On a chilly, damp Tuesday in April, I set out early with New York ceramicist and sculptor David Packer into the foothills of the Rif Mountains in Morocco. Usually April is warm, sunny and spring-like, but this year it was very wet indeed. David was in Morocco to finish research on his forthcoming book on local ceramics, and we hoped to find some of the last remaining women potters of the Rif.
Our driver took us just short of 100km northeast of Fez on the A2 national road, with its beautifully designed bridges, to the town of Oued Amlil (population about 10 000) where a souk brings the agricultural centre to life every Tuesday morning. Avoiding the worst of the thick mud, we ventured into the souk and hoped it wouldn’t rain any more. It was one of the largest souks I’d seen, when people come from villages all around to buy, sell and meet their friends. And yet, I saw no women at all, not selling at stalls, and not buying, not even looking.

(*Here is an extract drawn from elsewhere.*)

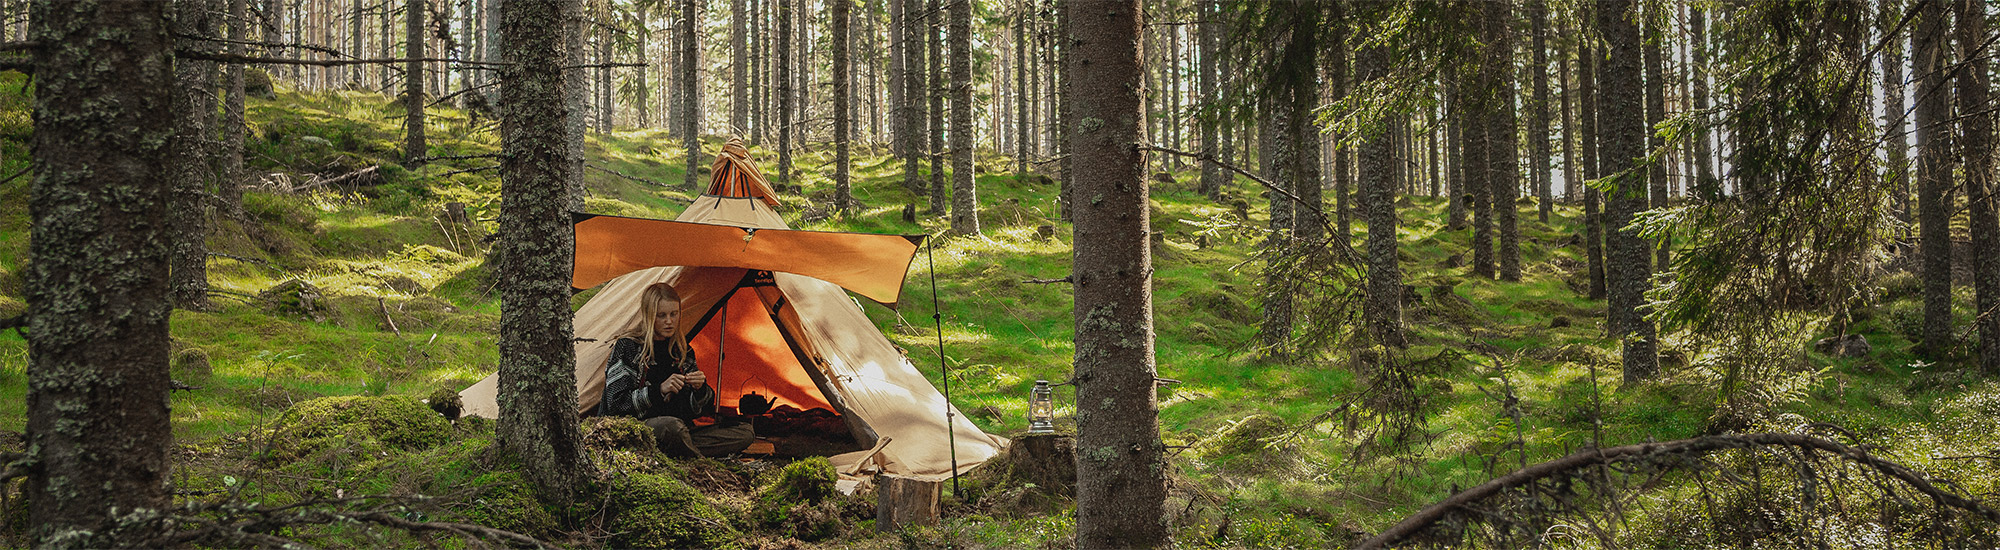 How to choose lightweight or cotton/polyester in your Nordic tipi if you are alone
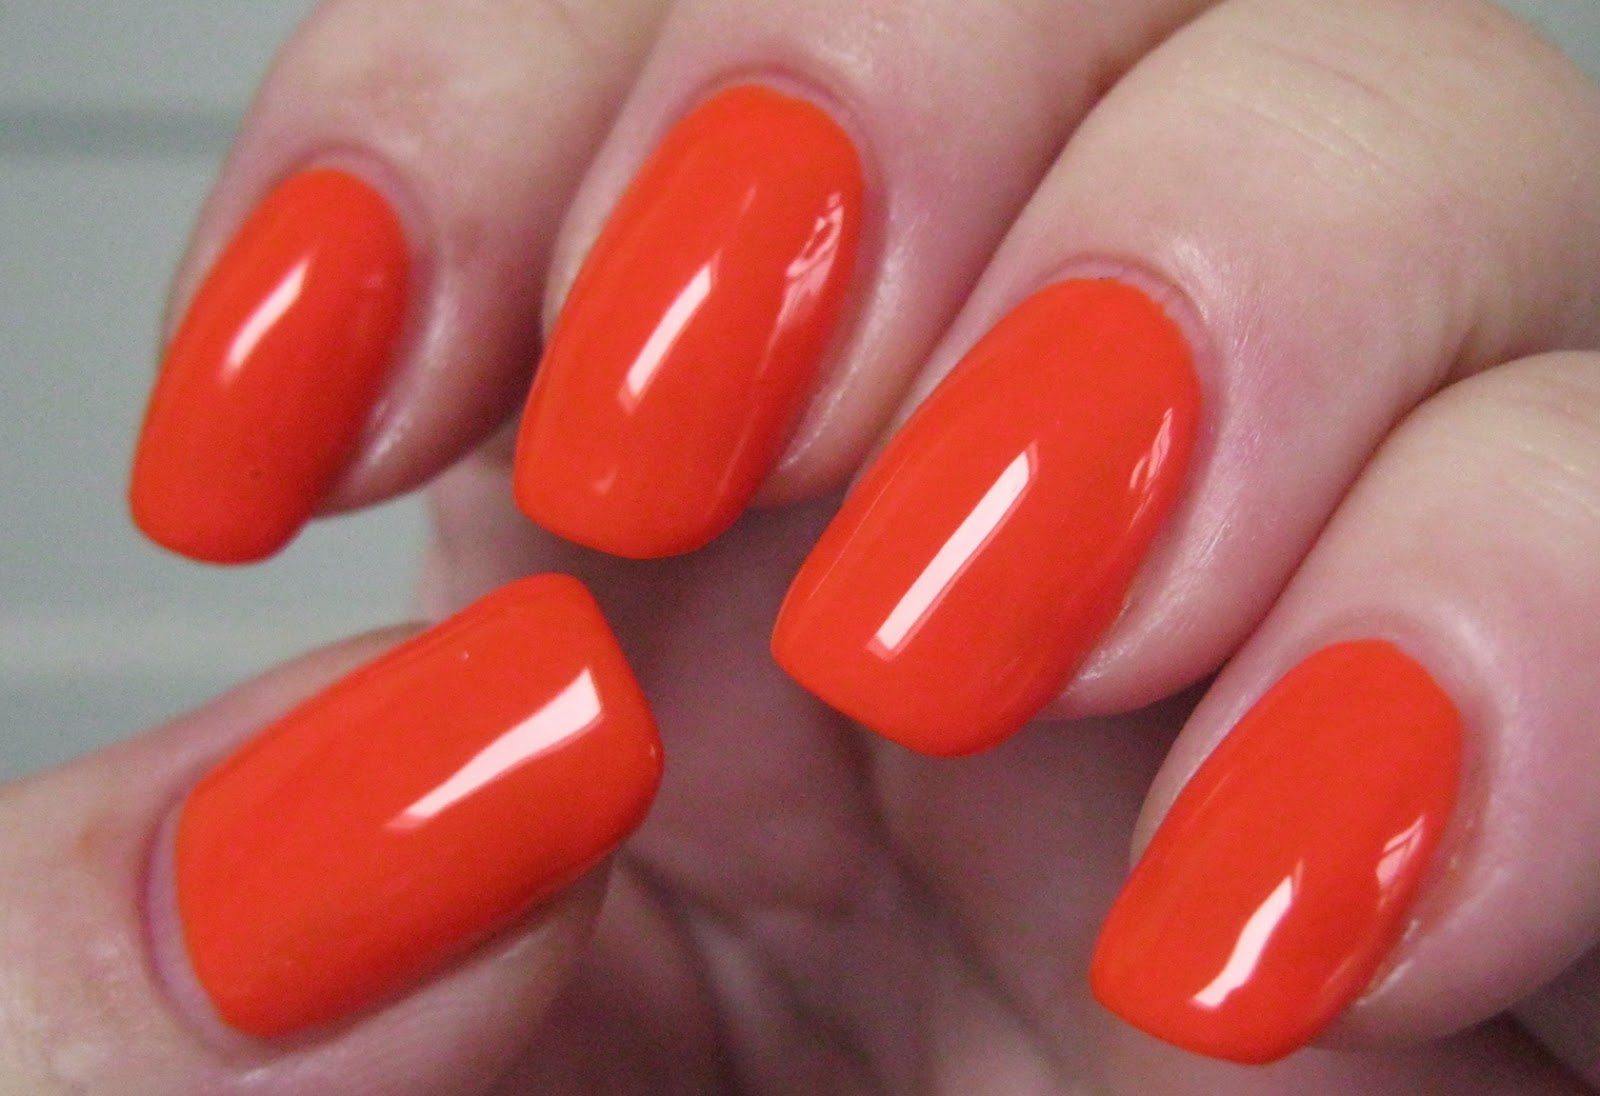 10. Orly Nail Lacquer in "Orange Punch" - wide 5

Armed with a photograph of the pottery we were seeking, we eventually found a few items made by Riffian women. They are hand-made (not thrown on a wheel) and unglazed, with simple black decoration. But there were no women there selling them; men on the next stall took charge of them, and told us the women were not at the souk today. We’d have to look further.
Buoyed by our success, we returned to the car just before the heavens opened again, and now headed to the village of Had Oulad Zbair, just north of the national road. David had a map hand-drawn by Hammad Berrada, a writer and expert on Riffian pottery. North of the A2 was the home of the Tsoul tribe whose women were known to make this pottery. In the village, we stopped for a welcome coffee, though most of the other café customers were augmenting their coffee with hashish, that other famous product of the Rif. It was either mixed with tobacco and smoked in a cigarette, or provided a quicker hit in a pipe. But everyone was mellow and happy this Tuesday morning. As before, David showed the men his photo. Ah yes, they said, I remember that stuff. The old women made it … But nobody around here makes it any more.
We had to conclude that our pottery was now extinct among the Tsoul tribe of the Rif. However, the Ghriata tribe south of the national road could still prove worth visiting. We headed south into the breathtaking scenery of the Tazzeka National Park. Driving along this scenic road near the village of Souk Sebt Bouchfâa, we spotted a large stall selling pottery, obviously intended for tour buses. We stopped here and were disappointed by all the usual stuff from Safi and Salé and Fez. But in amongst the brightly coloured ceramics were some perfect examples of what we were looking for. There were two different types, some dishes similar to that which we’d seen at Oued Amil, and some pots with lids that were more like casseroles.
David bought a lidded pot for our friend Jess Stephens in Sefrou and I bought a dish. Considering the stallholder was making a profit, the prices were ridiculously low. We asked the stallholder, of course, where we might find the women who made these products. He said he’d take us to one of them and jumped in the car with us. We drove some distance, probably 10km, further into the park to the tiny hamlet of Kasbah Jamâa Bou Driss that had no more than six houses. He led us down a muddy path into a courtyard in front of a tiny house and there she was. A tiny, wizened Riffian woman of about 80, with tattoos on her forehead and chin, arms akimbo, watching us. Beside her were her granddaughter and small great-grandson.
The old woman seemed pleased, if somewhat puzzled, that these strange foreigners were asking about her work and showed us what she’d made that day – dishes similar to the ones at Oued Amlil souk, for making couscous or bread. These dishes were stacked against the side of the house, cooling after being fired. David asked were the kiln was and we were led to the remains of a fire smouldering on the ground. The granddaughter demonstrated how the pottery was put onto the coals, a smoky branch laid across (accounting for the black scorch marks on the pottery). The ‘studio’ for this work was a small round frame in the corner of the courtyard. There are no tools, just perhaps a stone and rag or two.
We were delighted to find this last vestige of a craft that will die with the old woman. But it was all somewhat drab and depressing; with her down-turned mouth, the old woman’s granddaughter looked browbeaten and poverty-stricken. It seemed to us that she had a very hard life with nothing to give her any ease, no labour-saving devices. Given the choice, it is unlikely that she will continue her grandmother’s work. At the other houses in the hamlet, the women all sat outside watching us. They don’t leave home much at all and probably hadn’t seen foreigners before. We waved as we left.
Mostapha, our driver, bought a couple of dishes from the old woman, who charged him Dh13 (about one Euro) for each. Such pieces are not found in museums (except in Hammad Berrada’s collection which is yet to be put in one); they’re everyday pieces that break easily and are replaced cheaply. Their value is that they are hand-made (not thrown on a wheel, but coiled) and unglazed, and that they are made by women in the Riffian countryside (unlike all other Moroccan pottery, which is made by men), much as it has been done for millenia. It is a craft that won’t be around in ten years’ time.